(YOUR ASSIGNMENT): Return the whole listing exactly, omitting the pictures.

***** PROVIDED MATERIAL *****

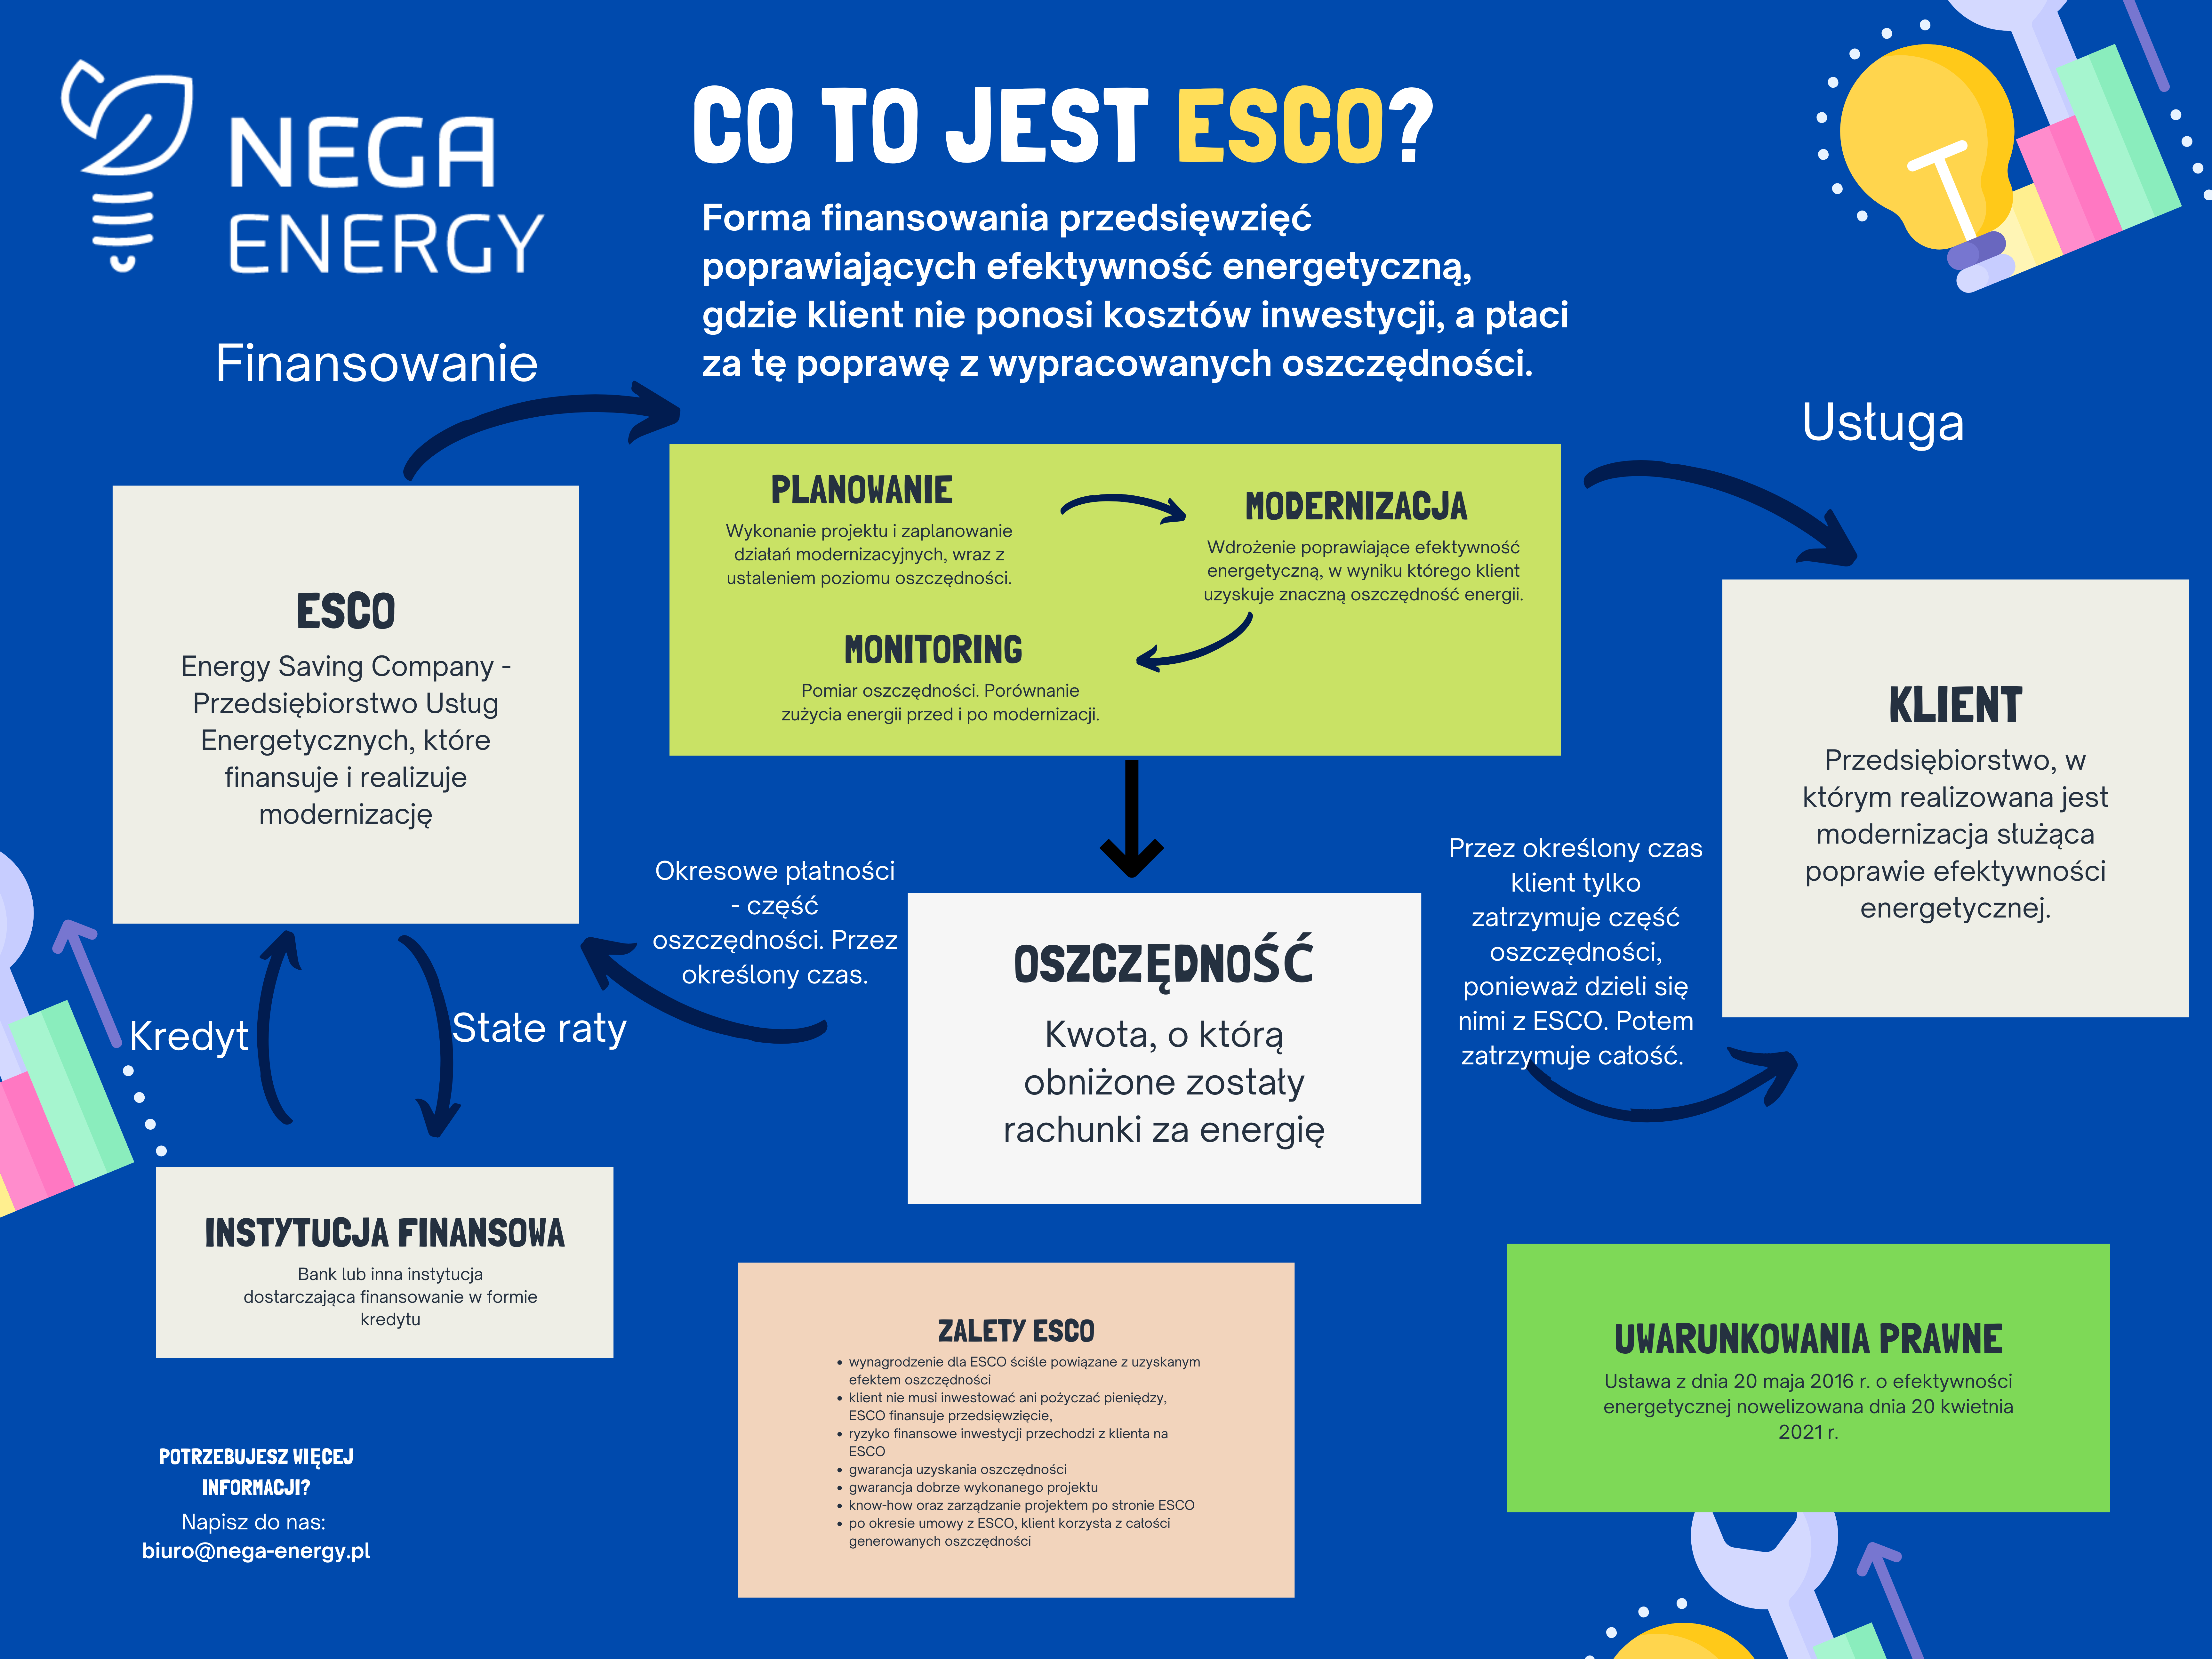 NEGA-Energy - Co to jest ESCO?
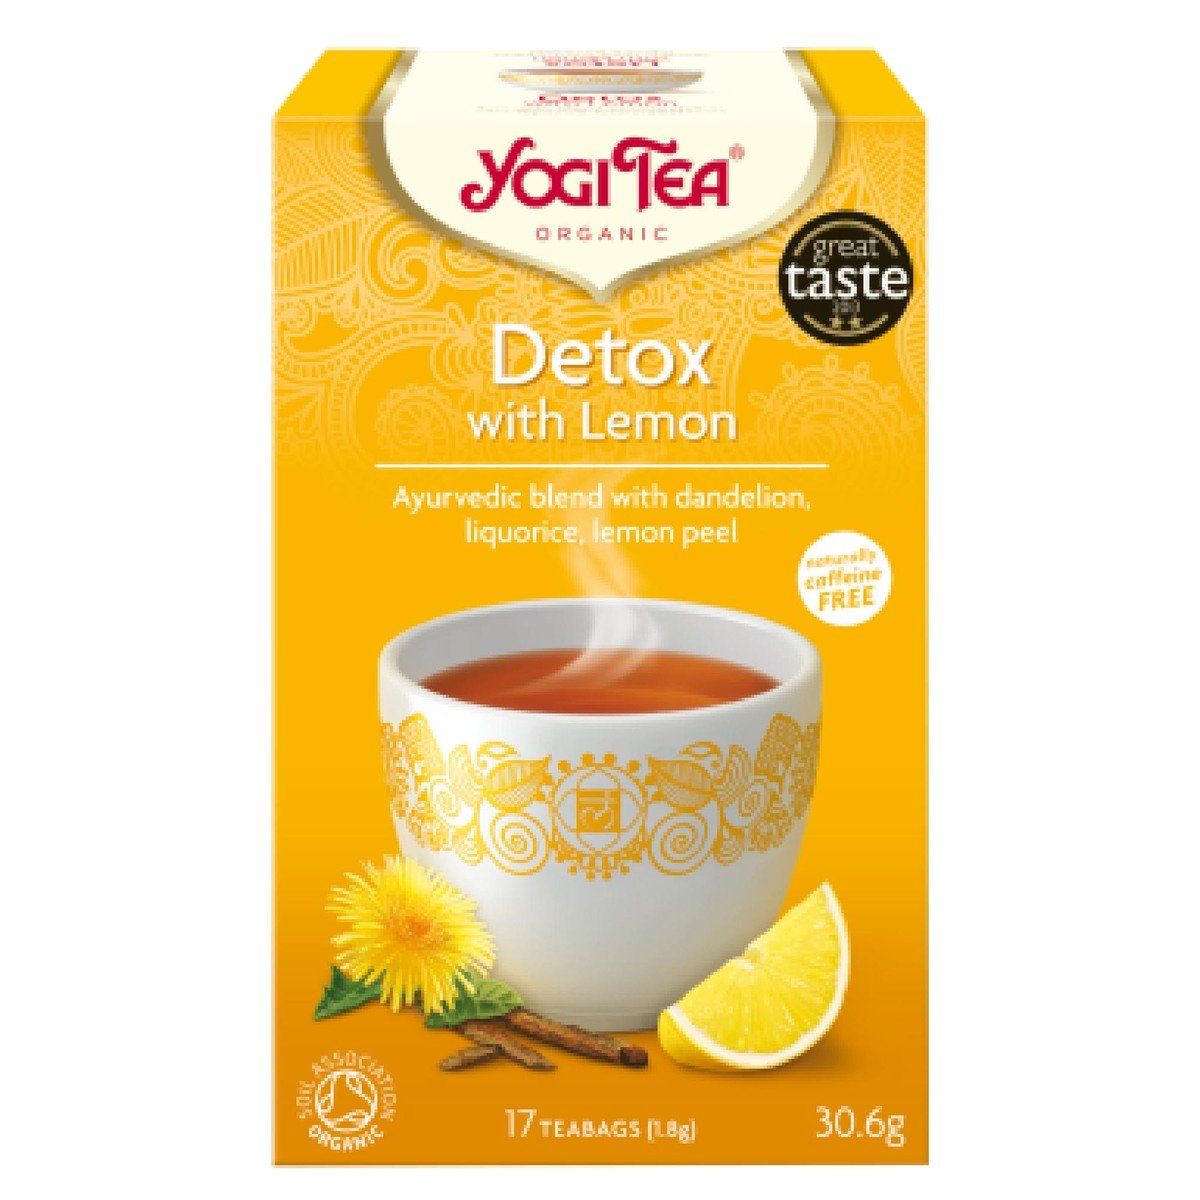 Yogi Tea Organic Detox With Lemon Tea 30.6g
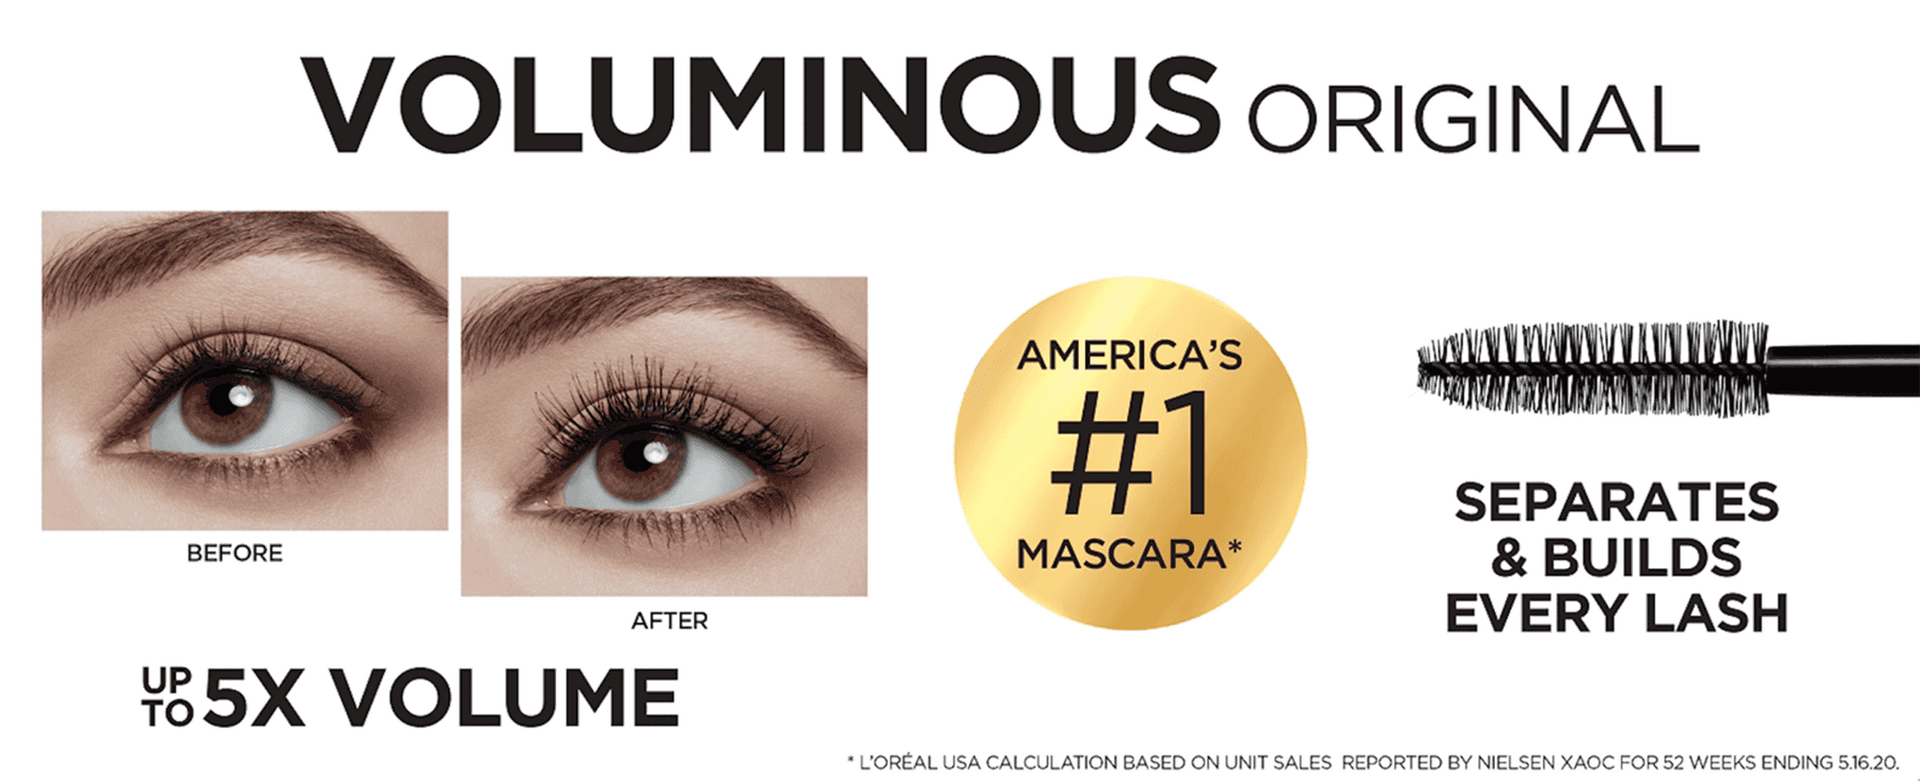 Voluminous Original Mascara Before and After

*****

(FINAL ANSWER):
 NEGA-Energy - Co to jest ESCO?
 Yogi Tea Organic Detox With Lemon Tea 30.6g
 Voluminous Original Mascara Before and After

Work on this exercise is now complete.